You could do something like:

@xs.process
class Foo:
    idx = xs.index(dims='X')
    idx_resized = xs.any_object()

    def run_step(self):
        # maybe update idx...

        if is_resized(self.idx):      # anything that checks if the index has changed
            self.idx_resized = True
        else:
            self.idx_resized = False

@xs.process
class ResizeX:
    idx = xs.foreign(Foo, 'idx')
    idx_resized = xs.foreign(Foo, 'idx_resized')

    def _resize(self, vars):
        if not self.idx_resized:
            return
        for v in vars:
            # resize v
jvail commented 3 years ago

After some experiments we ended up with an awful hack. But all solutions seem to involve some sort of semi ideal work-around.

I did replace the set_state function of the ModelBuilder in order to "inject" our own State class. This is just a dictionary with a new setter. When an index variable changes it will go through all other variables and align their shape to match the index's shape/length.

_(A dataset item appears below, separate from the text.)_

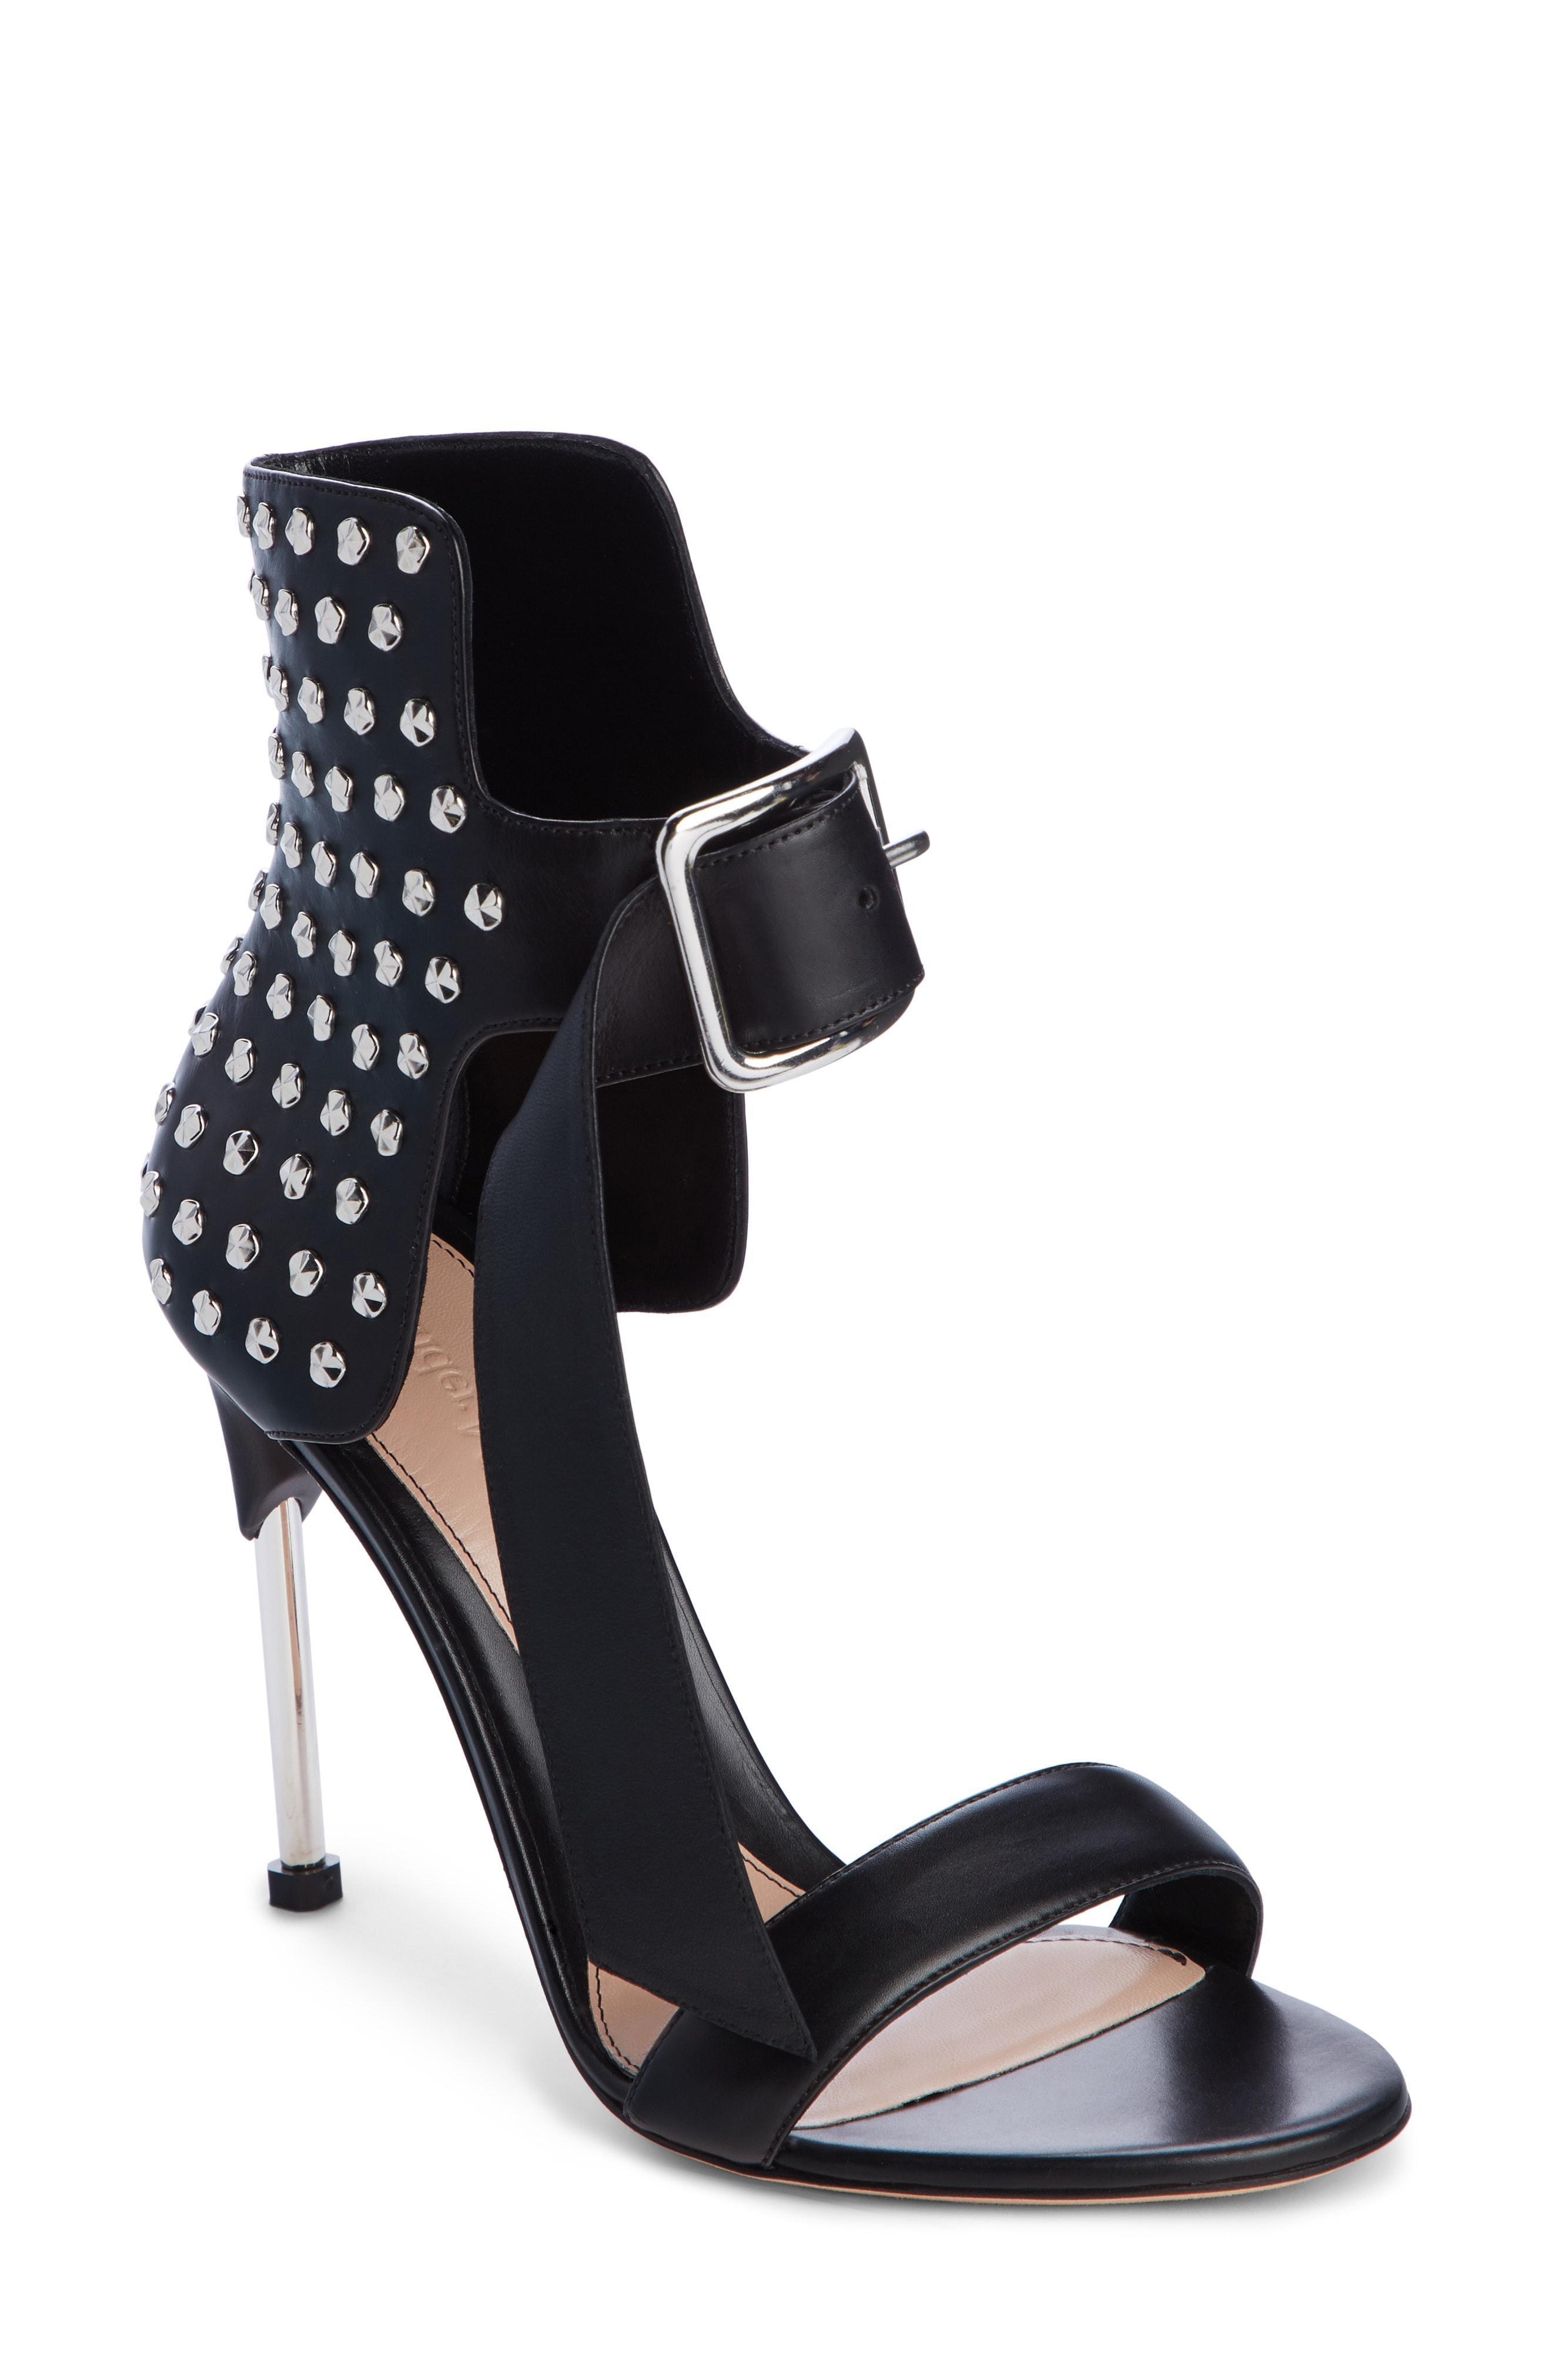 c4c697346553 Lyst - Alexander McQueen Studded Ankle Strap Sandal in Black

We just need something more powerful than a process class and I did not like the idea of importing the index everywhere. I did a few experiments with introducing some sort of "meta-process" that is not involved in the actual model logic. The idea was to have something that is powerful enough and could do some work in administering the model: e.g. watch variables, maybe more complex validation, read input files and pass them on to the initialization function of processes, manipulate the state - these sort of things. But I did not really get far and soon hacked too much around in the simlab core.

However, would be nice if (in some distant future) simlab could provide extension points, "slots" to drill your own hole into the implementation to add custom stuff. This is not a feature request - just an idea. Will be a lot of work, I suppose.

Thank you for your support and ideas!

benbovy commented 3 years ago

Thank you for your support and ideas!

You're welcome.

Feel free to open issues if you have suggestions on how we can refactor xarray-simlab to make it more flexible. I'm sure there are ways to make it so without introducing much new concepts.